Activity =>
Your reply should reproduce all the data below exactly while excluding the pictures.

Provided data =>
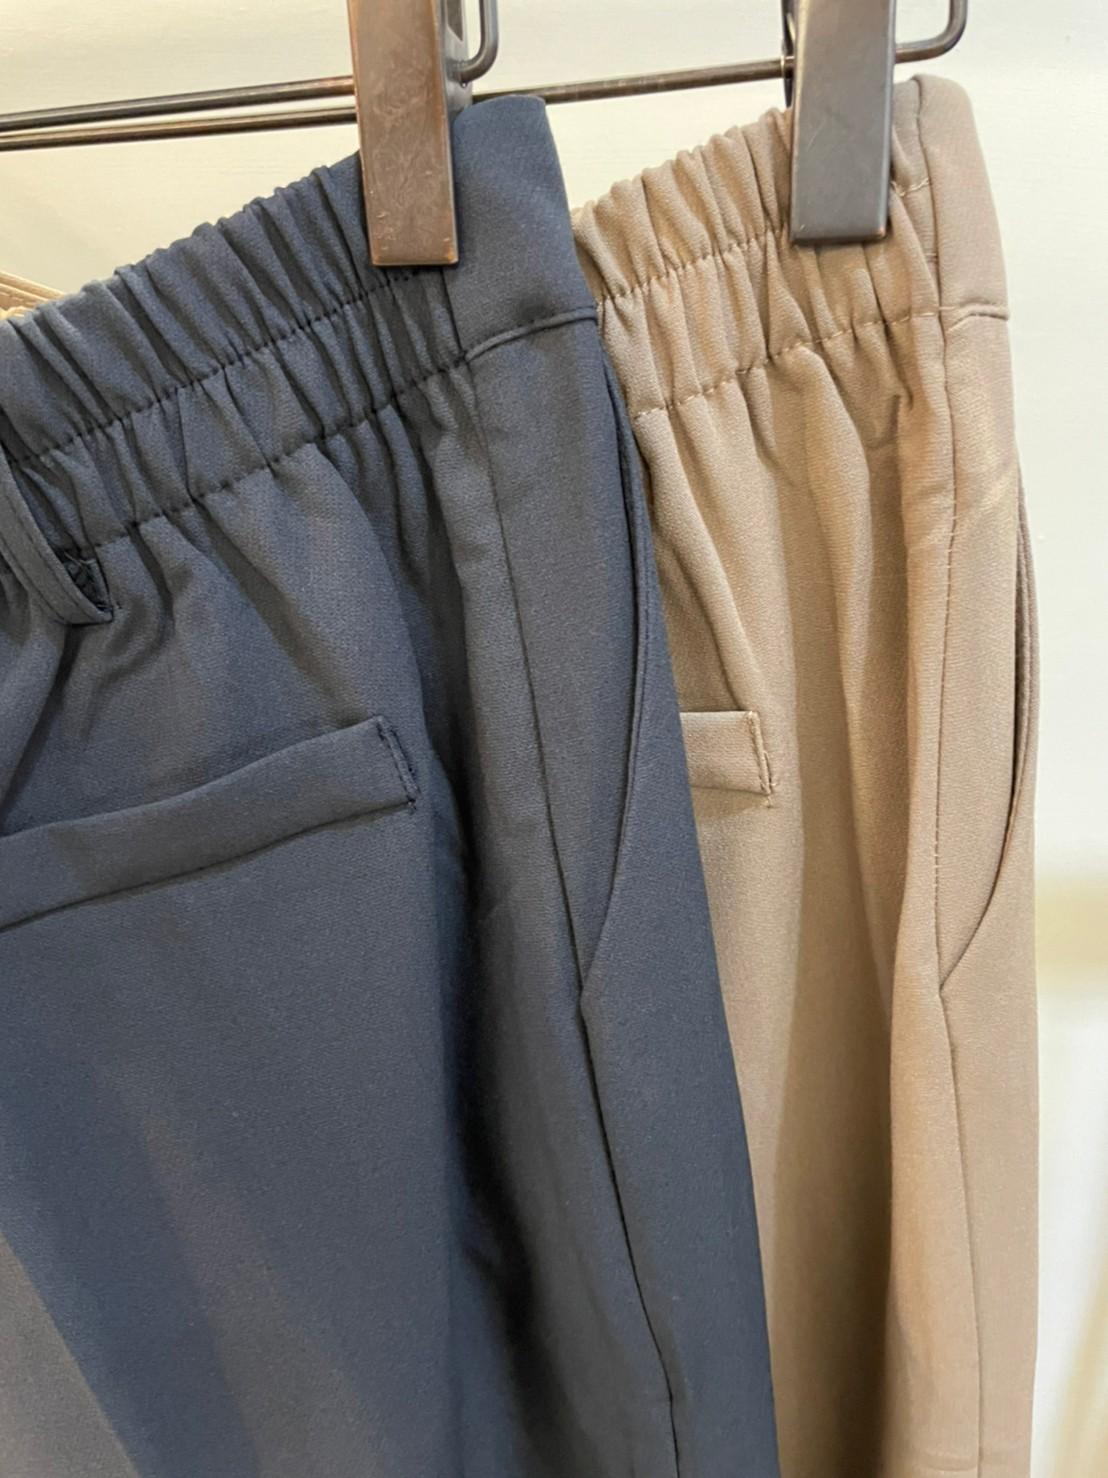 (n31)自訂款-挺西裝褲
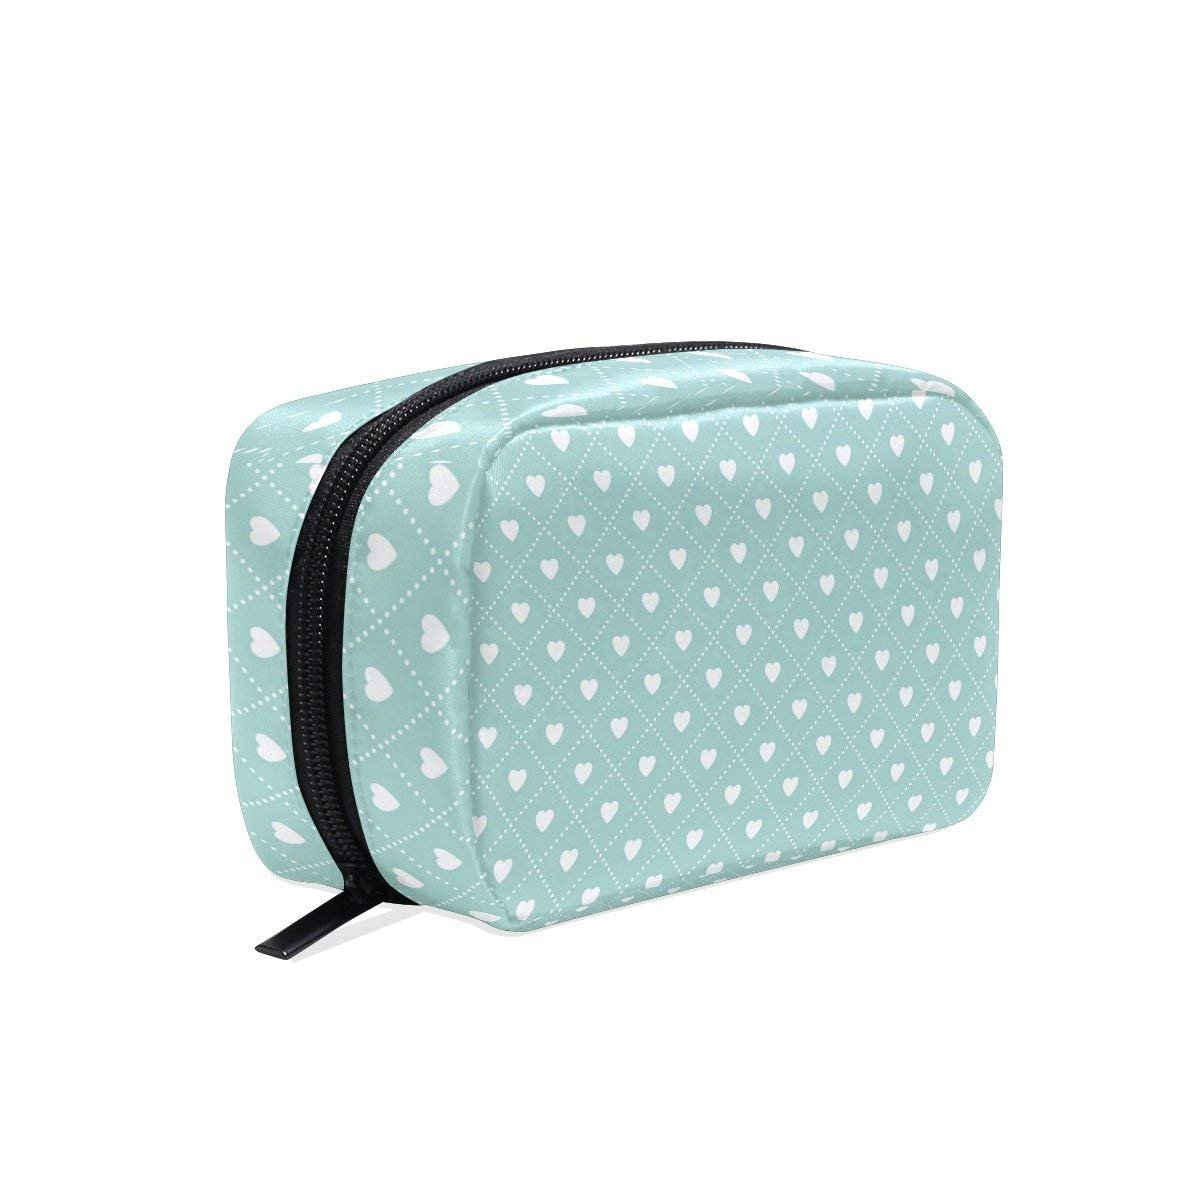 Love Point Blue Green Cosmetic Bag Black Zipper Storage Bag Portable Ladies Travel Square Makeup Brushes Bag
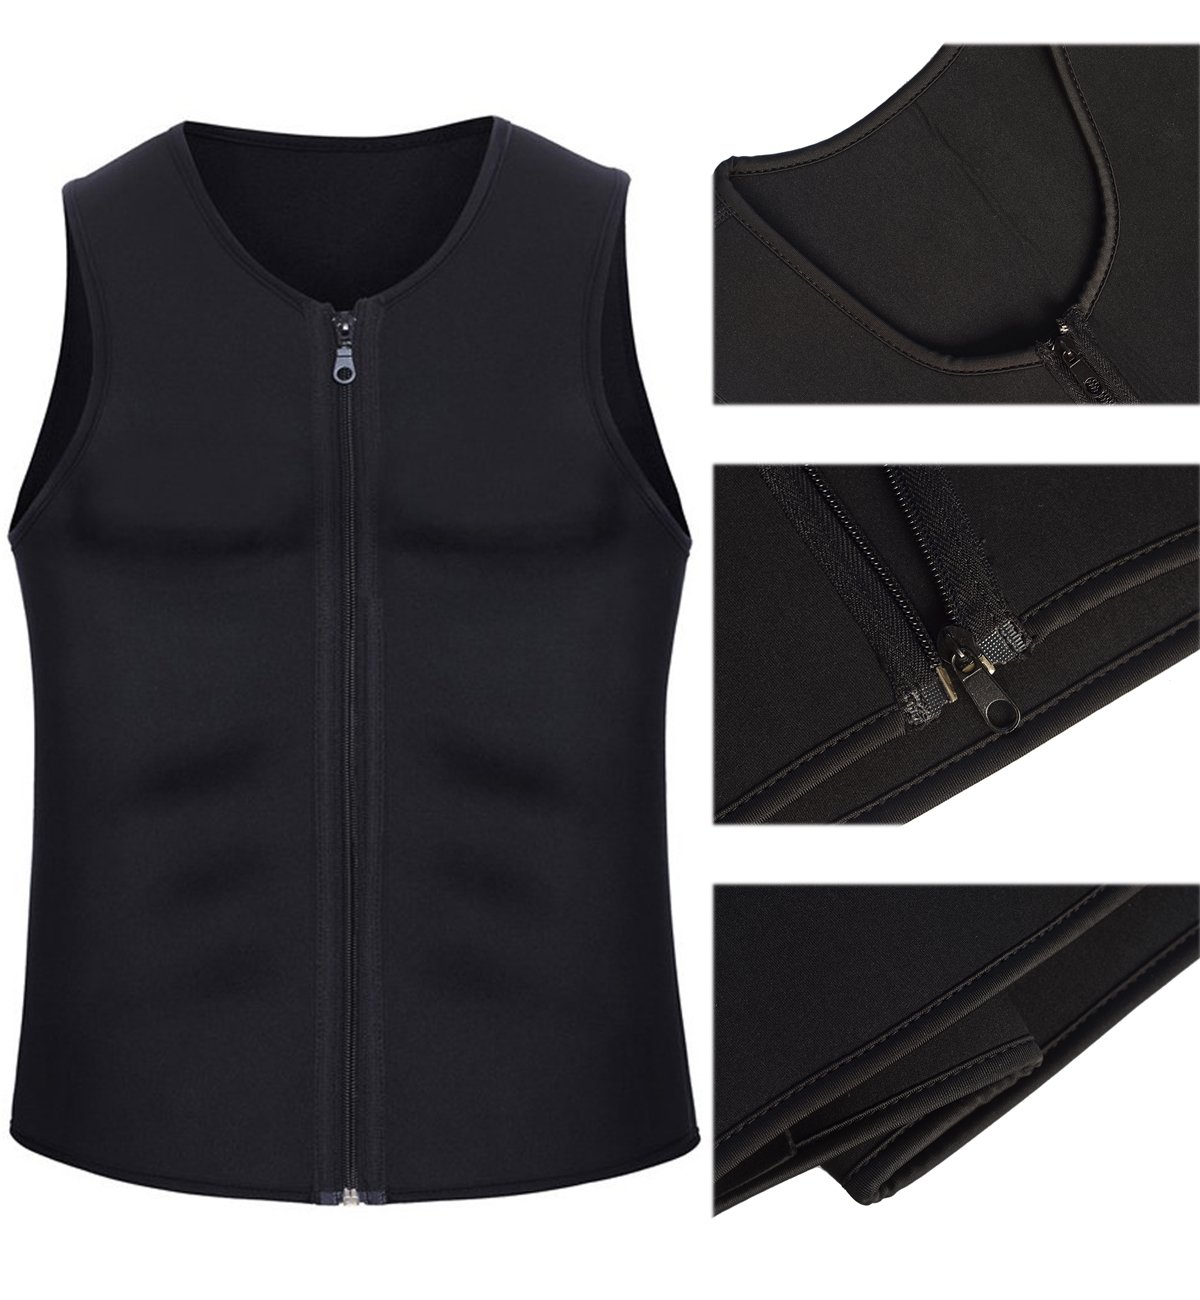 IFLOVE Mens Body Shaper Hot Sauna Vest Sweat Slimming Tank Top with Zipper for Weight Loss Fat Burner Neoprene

Expected answer =>
 (n31)自訂款-挺西裝褲
 Love Point Blue Green Cosmetic Bag Black Zipper Storage Bag Portable Ladies Travel Square Makeup Brushes Bag
 IFLOVE Mens Body Shaper Hot Sauna Vest Sweat Slimming Tank Top with Zipper for Weight Loss Fat Burner Neoprene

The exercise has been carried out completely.